At this point, your NVMe should boot the operating system just like your MicroSD card does, but you'll notice a massive increase in speed/performance. It's inevitable that life happens and things go wrong. To troubleshoot different issues I used the help guide from Geekworm but, hopefully, you won't run into those issues. One great way to debug the bootup step is to hit the spacebar repeatedly after powering on the Raspberry Pi device until you see the bootup screen. After that, you can hit 6 to boot via NVMe and observe the boot process.

As I've mentioned above, it's absolutely critical to get the latest firmware onto your Raspberry Pi (via sudo rpi-eeprom-update -a).
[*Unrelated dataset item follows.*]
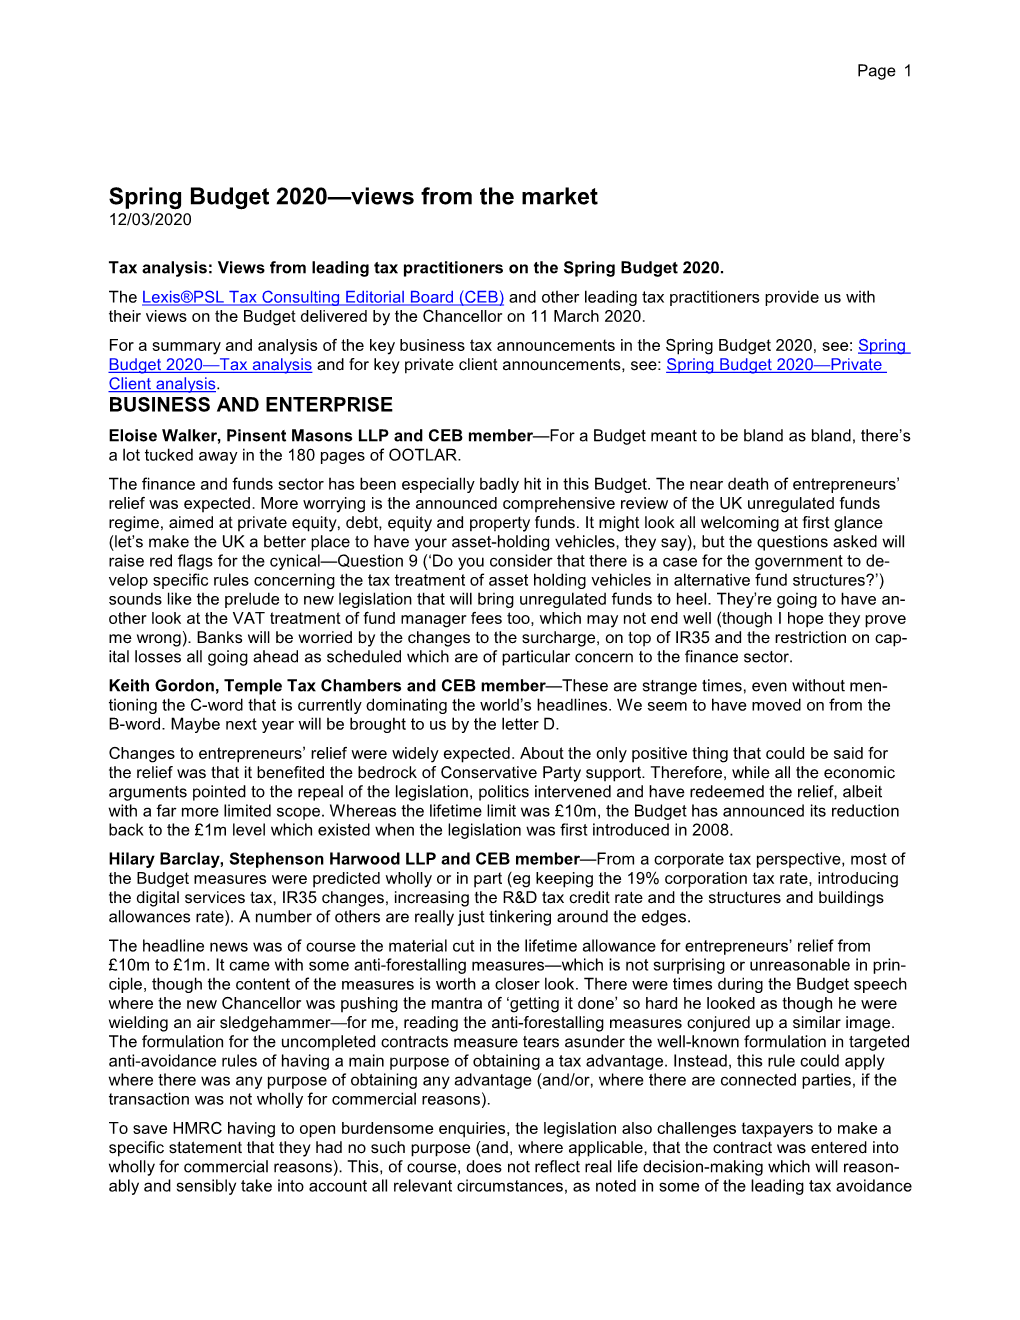 Spring Budget 2020—Views from the Market 12/03/2020

I found this to make a difference in terms of hard drive support. I also tested various NVMe drives and found that some just wouldn't work whatsoever. It's a finicky process, so it's best to stick with what Geekworm suggests or what I've used (the Silicon Power one above or the WD Black SN770 NVMe drive).

Conclusion

Switching from MicroSD to NVMe storage on the Raspberry Pi 5 unlocks higher performance, improved reliability, and a longer-lasting storage solution. While the setup requires an NVMe HAT and some configuration tweaks, the benefits far outweigh the effort. Whether you're looking for faster boot times or a more robust system for intensive applications, NVMe is the future of Raspberry Pi storage.